Мне требуется пара секунд, чтобы осознать его слова. Выходит, фотографию сделал не кто-то из сотрудников — миссис Хейнс нашла ее сегодня утром в ящике для корреспонденции. А это значит, что они понятия не имеют, откуда она взялась.
Во рту у меня пересыхает. Мистер Мэтьюз не думает, что я поднимаю шум из-за пустяков. Он не просто пытается утешить чрезмерно заботливую мать. Он явно обеспокоен тем, что увидел. Потому что кто-то намеренно выделил Альфи.
Мои внутренности будто завязываются в тугой узел. Из всех тридцати детей в классе кто-то сознательно выбрал моего сына, чтобы изобразить его с ножом в груди.
Глава 23
— Но я хотел рассказать Джейку и Лиаму о своем костюме Дарта Вейдера! — хнычет Альфи, дергая меня за руку в попытках остановить. Типичная для меня ситуация — в первое же утро, когда сын проявил хоть какой-то энтузиазм по поводу школы, тащить его домой.
— Извини, дорогой, но сегодня мы должны сделать кое-что еще.
Я иду слишком быстро для его маленьких ножек. Ему приходится почти бежать, чтобы не отстать от меня, однако я не замедляю шаг. Не могу, пока мы не доберемся домой в целости и сохранности.
— Но ты же говорила, что, если я не стану ходить в школу, полиция тебя отругает, — говорит сын высоким и дрожащим голосом. Он на грани слез.

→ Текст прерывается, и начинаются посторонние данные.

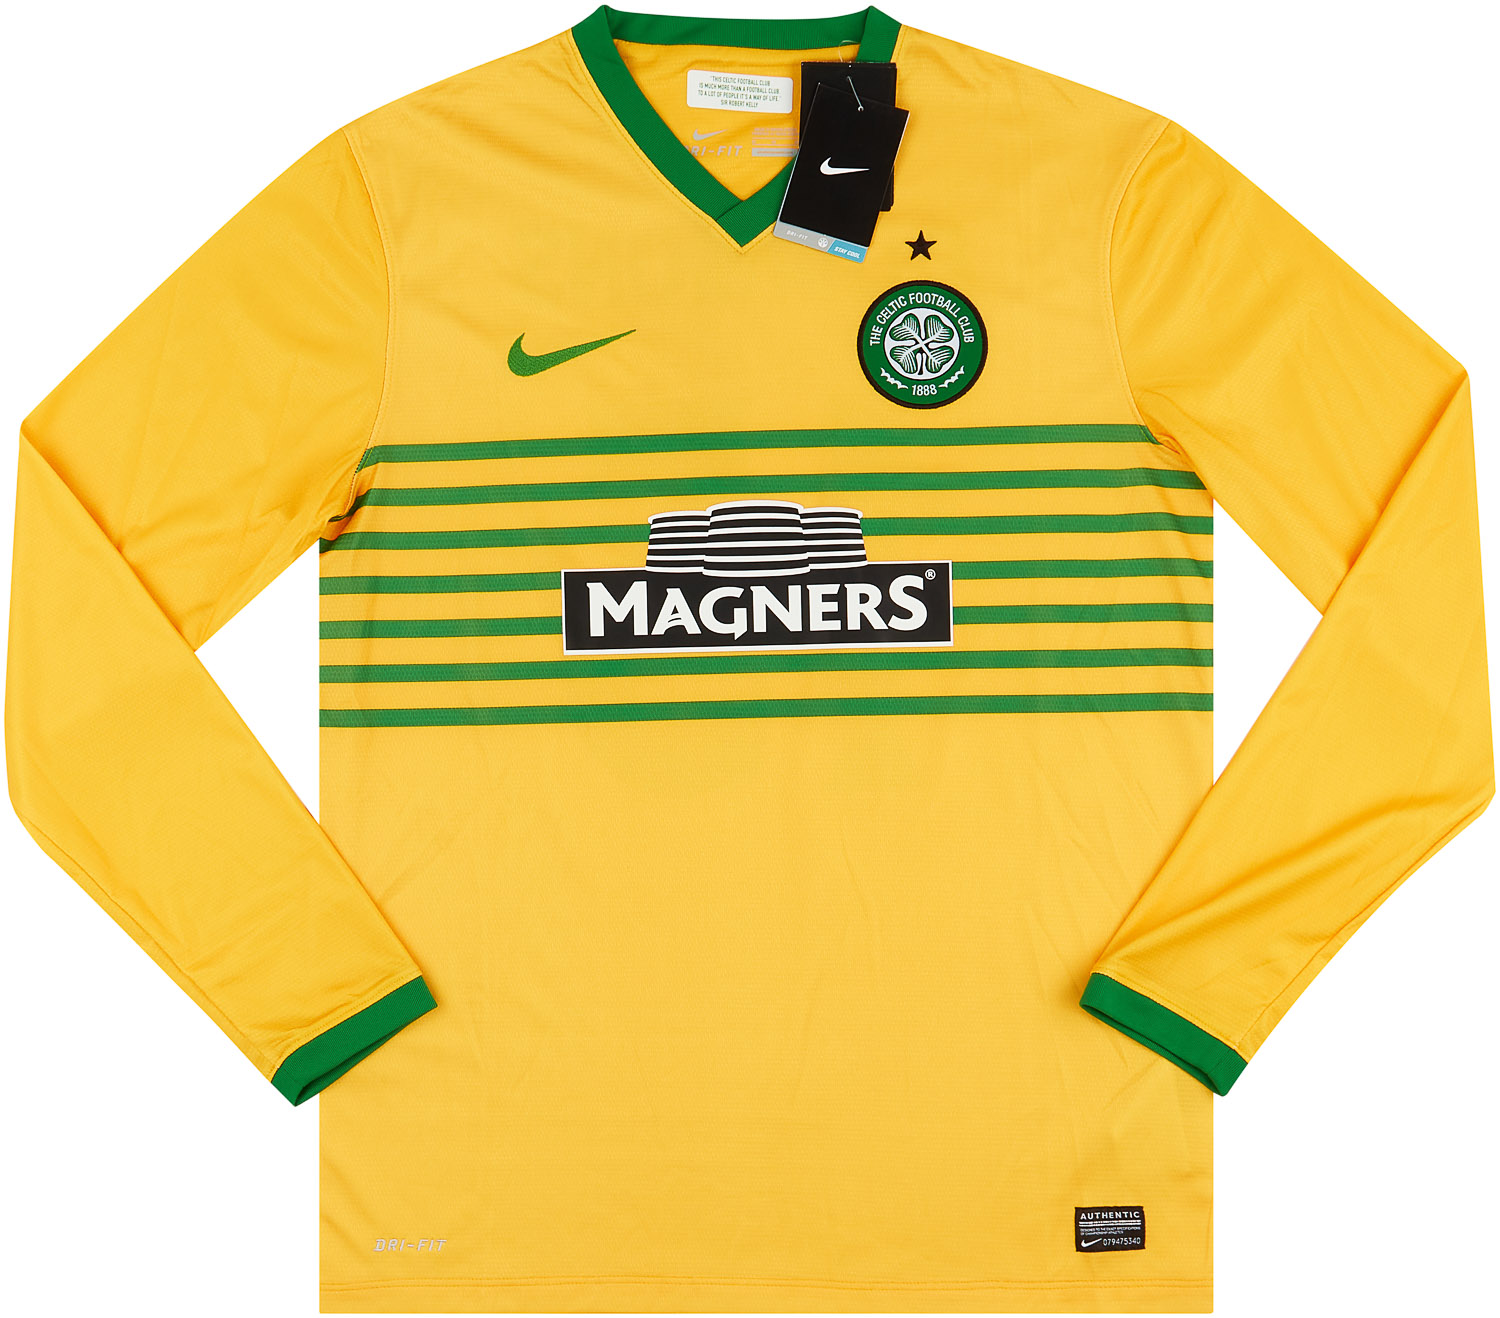 2013/14 Celtic Home Football Shirt / Original Old Soccer Jersey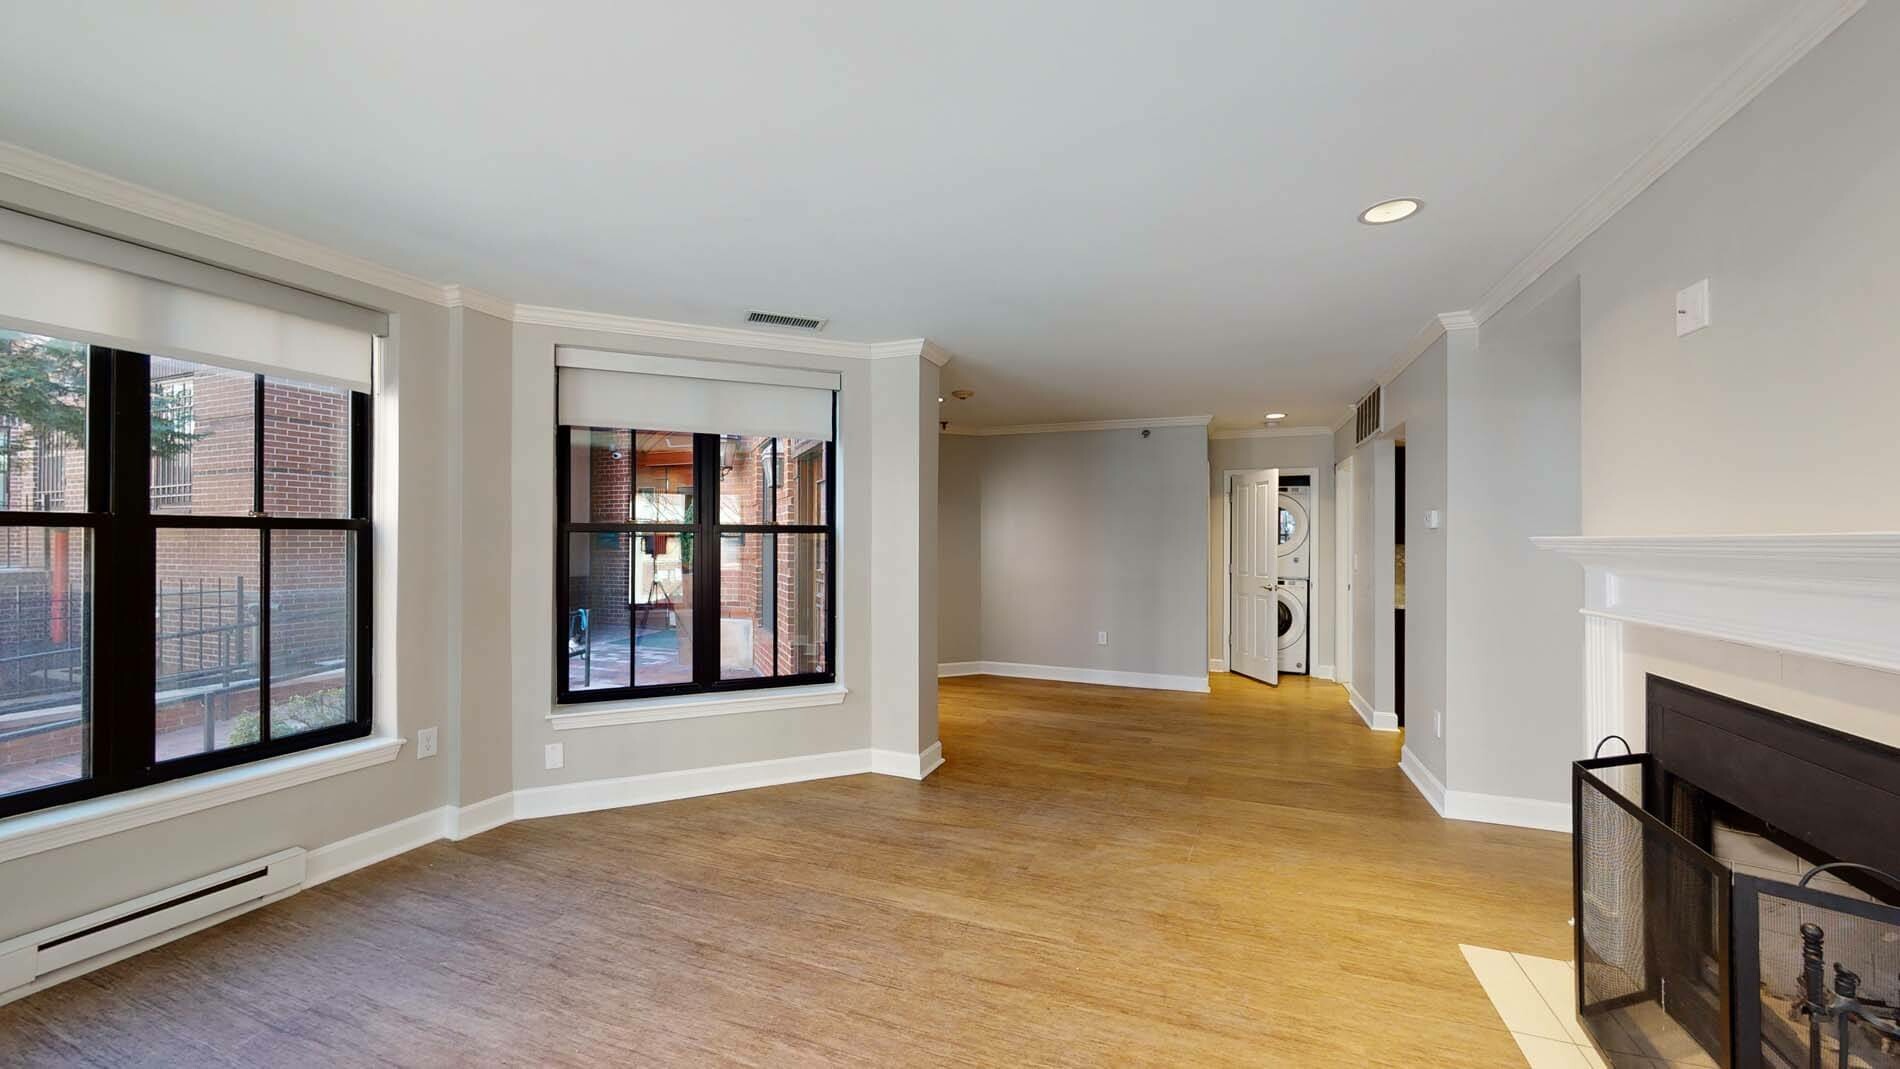 Photos of apartment on Harcourt St.,Boston MA 02116

— Ты прав, я так и сказала. И если ты будешь сидеть дома каждый день, то у меня будут неприятности, но ведь это только на сегодня, Альфи. Я забыла, что должна сделать кое-что очень важное.
— Что, мамочка?
Я ломаю голову, пытаясь что-нибудь придумать. Ненавижу ему лгать, однако я ни за что не вернусь домой без него — я буду ужасно волноваться. Тот, кто принес фотографию в школу, вошел туда совершенно беспрепятственно. А значит, это был кто-то, привезший собственного ребенка либо работающий там. Учитель? Миссис Хейнс или ее помощница? Уборщица ранним утром? Это мог быть кто угодно. Как я могу оставить сына там, если не знаю, кто это сделал и на что они еще способны? Вы думаете, что ваши дети в безопасности в школе, но так ли это? Так ли это на самом деле?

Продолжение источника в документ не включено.